Total knee arthroplasty (TKA) can produce severe postoperative pain, which may delay recovery. There are a number of pain treatments present, such as femoral nerve block or epidural analgesia. Local infiltration analgesia (LIA) has become a popular choice in pain management, but its effectiveness has yet to be fully evaluated. This study examines the outcomes of pain when patients undergoing total knee arthroplasty receive either a local infiltration of anaesthesia or a continuous femoral block.

What was the principal research question?

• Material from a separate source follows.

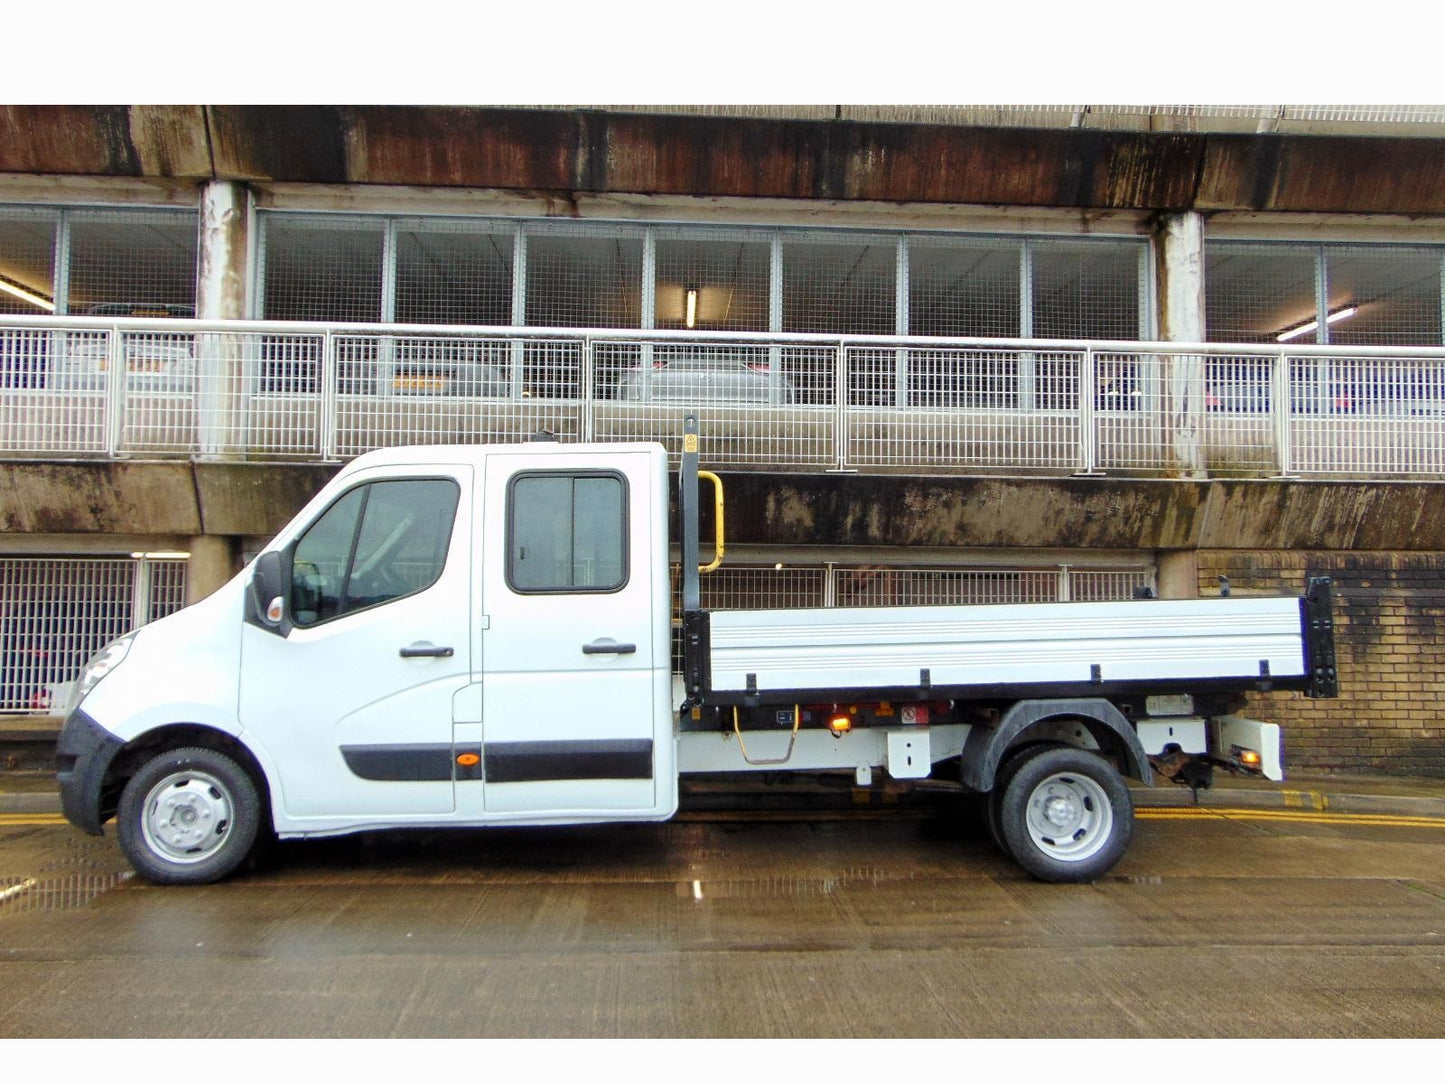 Bid on RENAULT MASTER 2016 TIPPER: CREW CAB, 7 SEATS, TOW BAR, 63K MILES- Buy &amp; Sell on Auction with EAMA Group

What are the outcomes in pain with an intervention involving a peri- and intra-articular infiltration of anesthesia or a continuous femoral block in patients undergoing total knee arthroplasty at 24 hours postoperatively?

Study Characteristics -
Population:
40 patients undergoing total knee arthroplasty with spinal anaesthesia (Age: >18 years)
Intervention:
Group LIA: Peri- and intraarticular infiltration anaesthesia involving a solution of 150 mL ropivacaine (2 mg/mL), 1 ml ketorolac (30 mg/mL), and 5 ml epinephrine (0.1 mg/mL) administered sequentially throughout the surgical procedure. Access to intravenous patient-controlled analgesia (PCA) with morphine was available to all patients postoperatively (Bolus of 2 mg/dose). (Mean age: 67 (29-85) years) (n=20)
Comparison:
Group F: Continuous femoral nerve block with ropivacaine directly after spinal anaesthesia. Access to intravenous patient-controlled analgesia (PCA) with morphine was available to all patients postoperatively (Bolus of 2 mg/dose). (Mean age: 69 (53-88) years) (n=20)
Outcomes:
Primary outcome: Pain intensity at rest and movement (Visual Analog Scale); Secondary outcome: Total morphine use.
Methods:
RCT
Time:
24 hours (Assessment every hour)

What were the important findings?

  • The local infiltration anaesthesia group (Group LIA) reported lower average pain at rest compared to the femoral nerve block group. (Group F) (Group LIA: 1.6, Group F: 2.2)
  • 7/19 patients in Group F reported a pain intensity of >7 upon movement compared to only 1/20 patients in Group LIA. (p=0.04, Fisher's exact test)
  • Both groups indicated comparable consumption of morphine per kg. (Femoral block: 0.4 (0.3-0.5) mg/kg; LIA: 0.3 (0.2-0.4) mg/kg)
  • No adverse events were reported within the 24 hour postoperative study period.

What should I remember most?

Both the local infiltration anaesthesia intervention and the femoral nerve block interventions provided good analgesic effect in patients after total knee arthroplasty. However, local infiltration anaesthesia may be a preferred option, because of its cost-effectiveness and ease of administration compared to the femoral nerve block.

How will this affect the care of my patients?

Both local infiltration anaesthesia and femoral nerve block described in this study provide good analgesia following TKA. However, local infiltration anaesthesia may be a preferred treatment due to lower costs and the ease to perform this technique.